While not necessarily squarely on point to all ELS Blog readers, a general discussion of social science ethics, re-ignited recently by an incident/study involving political scientists at Stanford and Dartmouth (for a description, click here) remains germane to many ELS scholars as well. In a recent post Andrew Gelman (Columbia--statistics) discusses suggestions by Macartan Humphreys (Columbia--Poli Sci) on how to think through the ethical dimensions incident to social science research in the field.
Yanna Krupnikov (Stony Brook-Poli Sci) and Adam Seth Levine’s (Cornell-Govt) article, “Cross-Sample Comparisons and External Validity,” offers an interesting (and empirically welcome) contribution to the ongoing debate regarding the use of convenience samples drawn from MTurk. The takeaway, at least in part, is as the authors note in their conclusion: “Our results do serve to sound a note of caution when using MTurk to produce generalizable results for all but the simplest experimental designs.”
In an interesting review essay, Andrew Gelman (Columbia) discusses the all-important move from describing what to assessing what if or why. Obviously, inference is more complex than description. Gelman considers two broad classes of inferential questions.

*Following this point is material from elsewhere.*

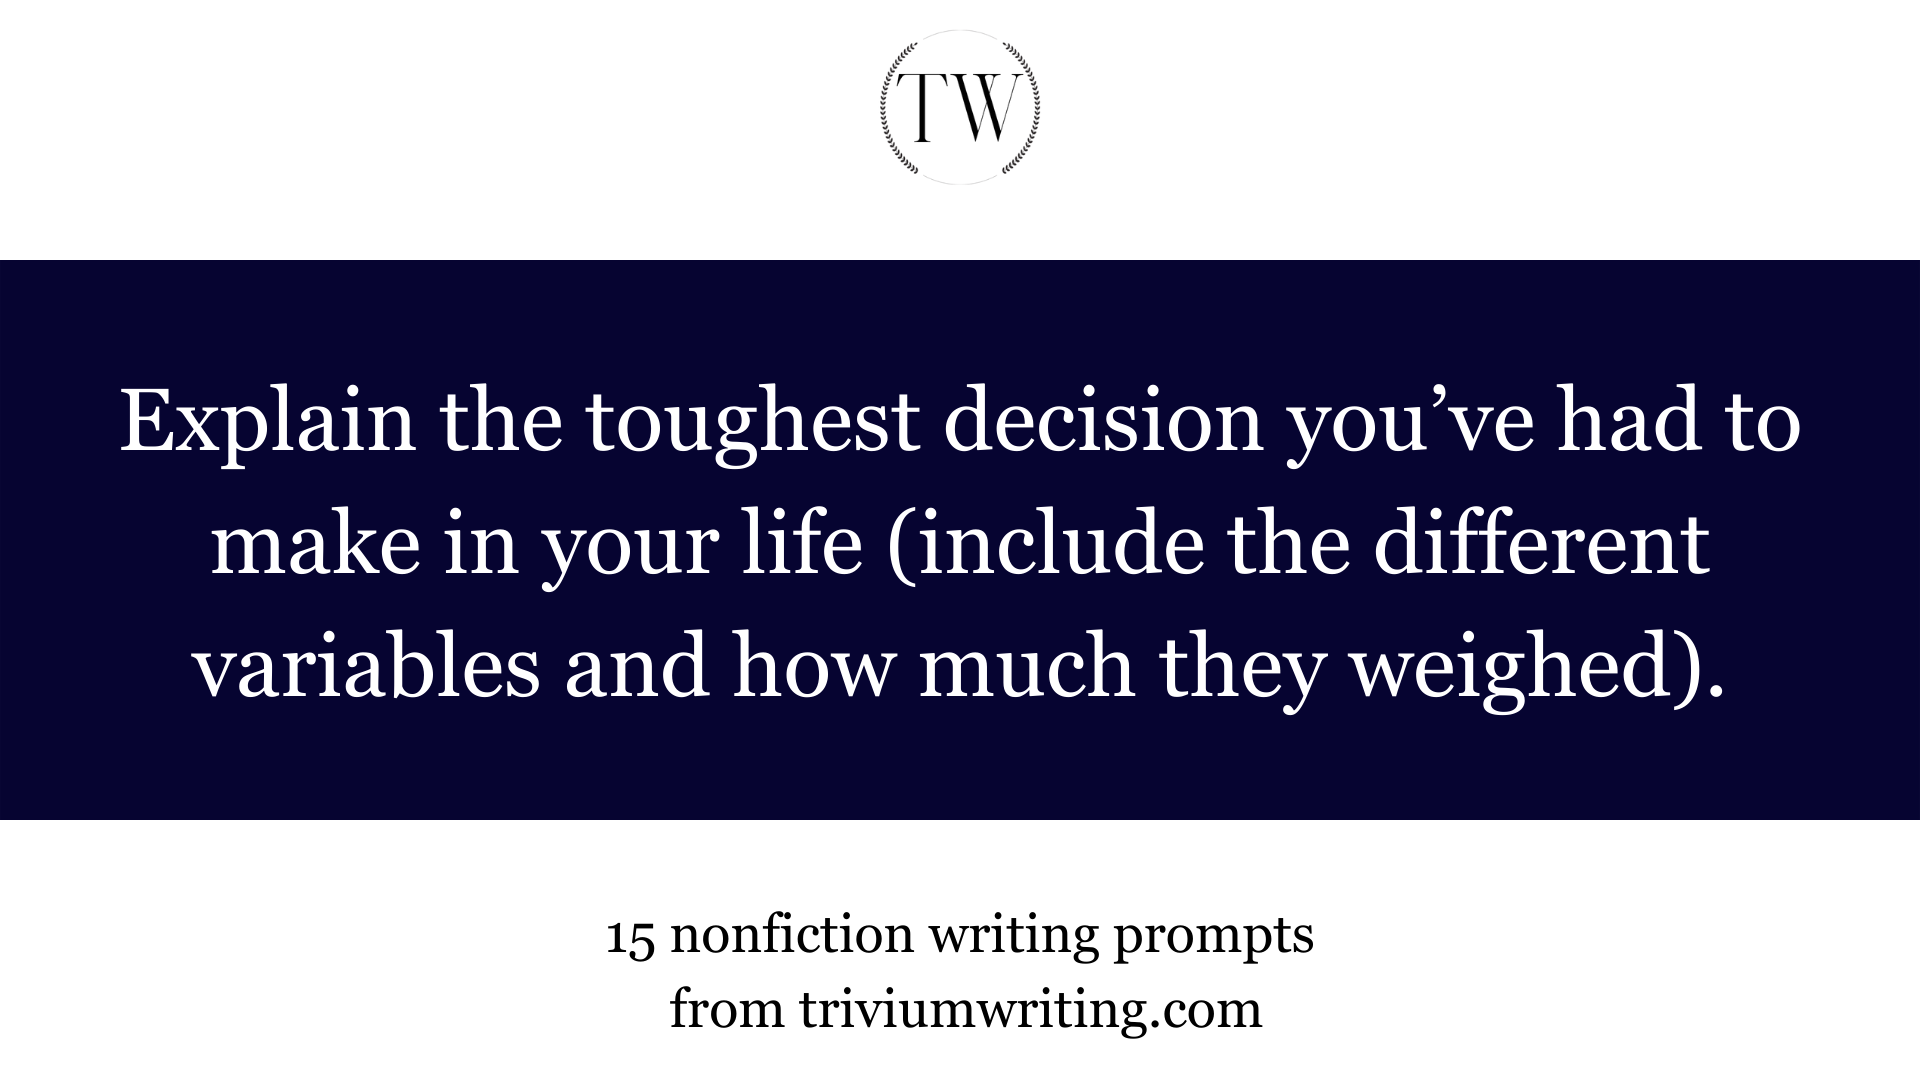 Explain the toughest decision you’ve had to make in your life
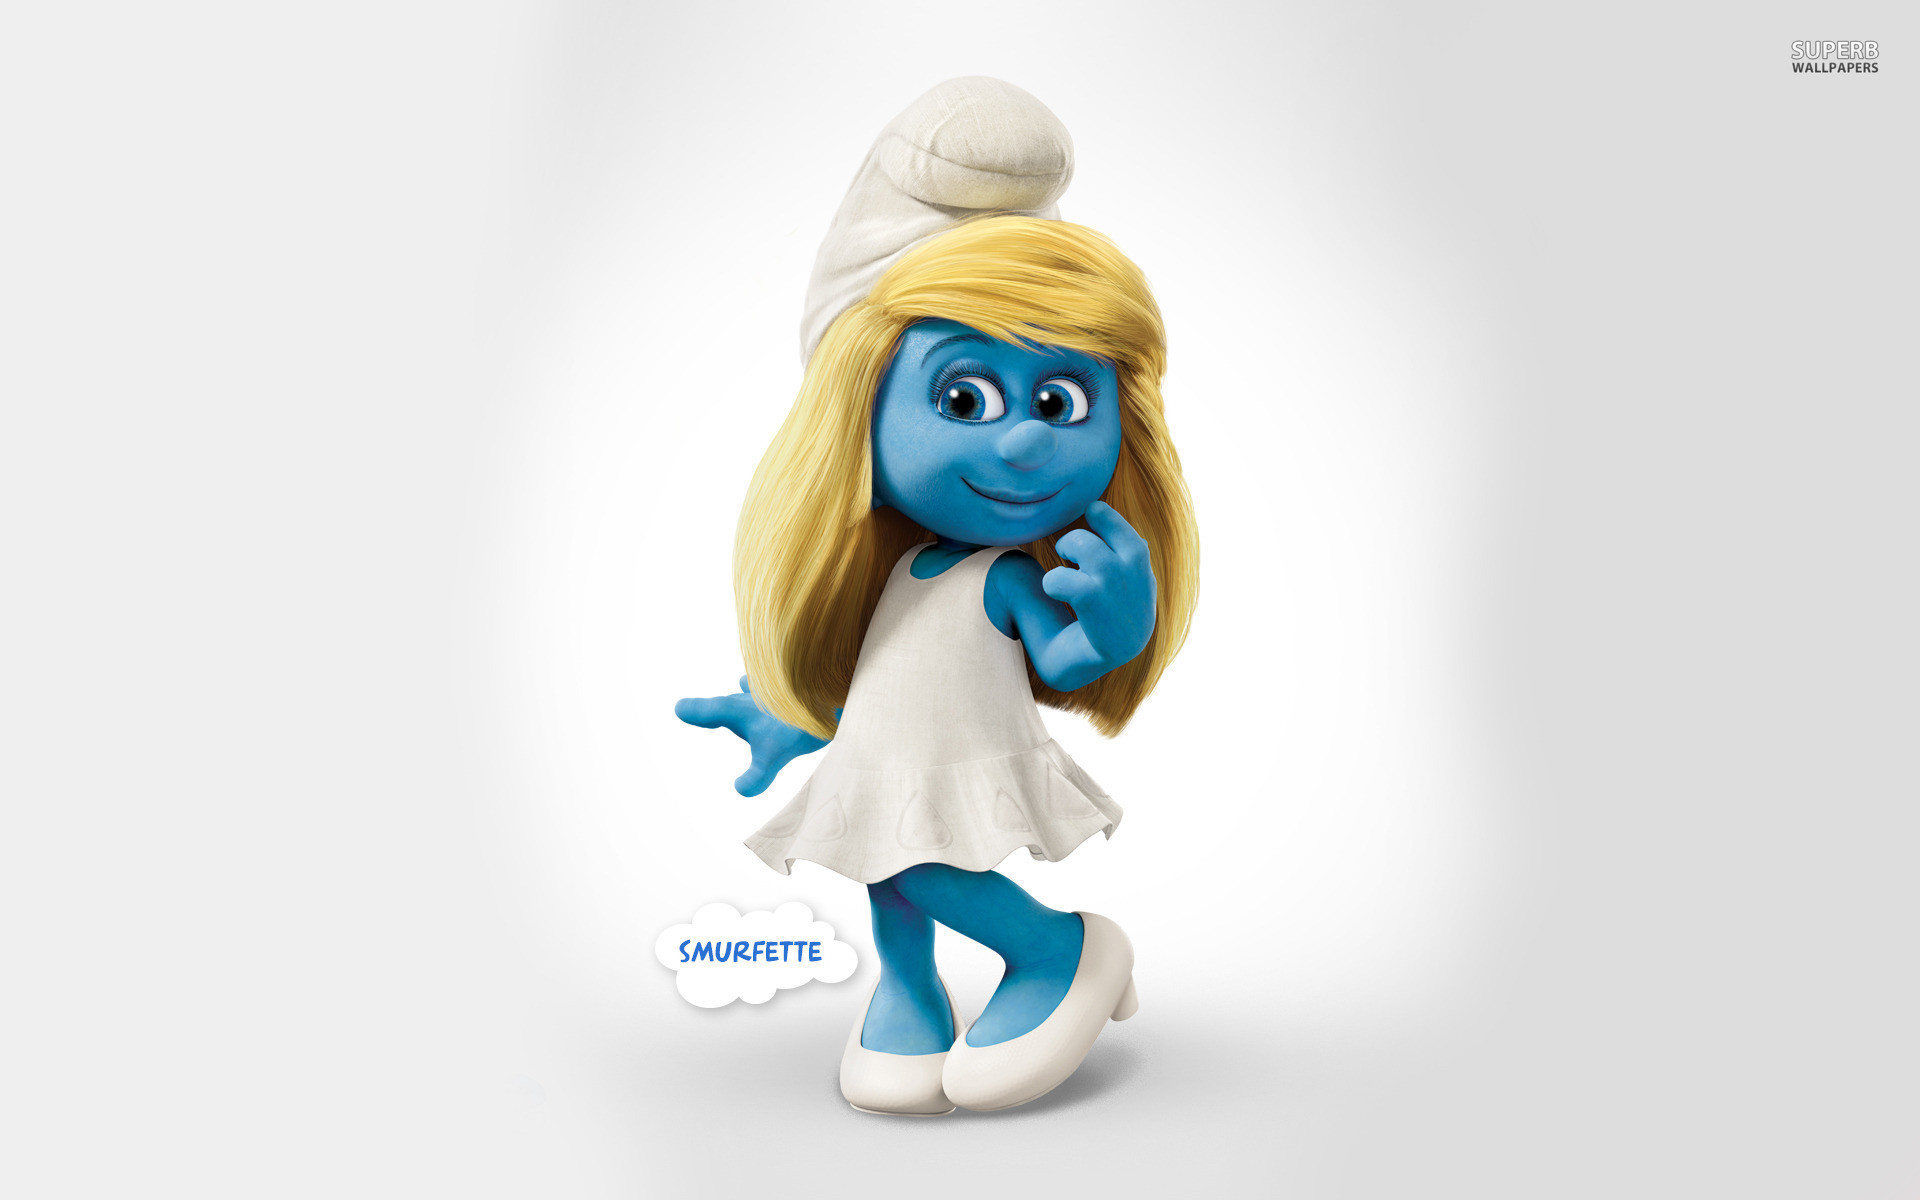 1920x1200 Smurfs Wallpaper Desktop Background Clumsy the Smurfs Cartoon Full HD  Background Image for PC .

One involves "forward causal inference." That is, what might happen if we do X? A second is "reverse causal inference," or what causes Y? Equally interesting are Gelman's thoughts on what characterizes persuasive inferential claims.
“The most compelling causal studies have (i) a simple structure that you can see through to the data and the phenomenon under study, (ii) no obvious plausible source of major bias, (iii) serious efforts to detect plausible biases, efforts that have come to naught, and (iv) insensitivity to small and moderate biases (see, e.g., Greenland 2005). Two large unresolved problems are, first, how to best achieve these four steps in practice and, second, what sorts of causal claims to make in settings where we are not able to satisfy these conditions.”
A recent post on the Stata list involving law-related data (here, patent litigation) struggles with selection-effect questions. Those familiar with law- and litigation-related data understand why selection issues are almost always present in litigation data. (And those unfamiliar with law too often do not.)
Stata graphics can be complex and frustrating. One small point, common in legal research, involves graphics options for categorical variables. A recent listserv discussion isolates the question and includes a solution with helpful instructions (here). (Please note that the preferred solution requires a user-installed package ("catplot").)
An interesting thread, stimulated by a manuscript reviewer's confusion with a paper's conflating "correlation" with the slope in a regression estimation. The posted question prompted a very helpful response that, among other things, deftly explains ANOVA's presence in standard regression output.
"Analysis of variance (ANOVA) is just a technique comparing the variance explained by the model versus the variance not explained by the model. Since regression models have both the explained and unexplained component, it's natural that ANOVA can be applied to them. In many software packages, ANOVA results are routinely reported with linear regression."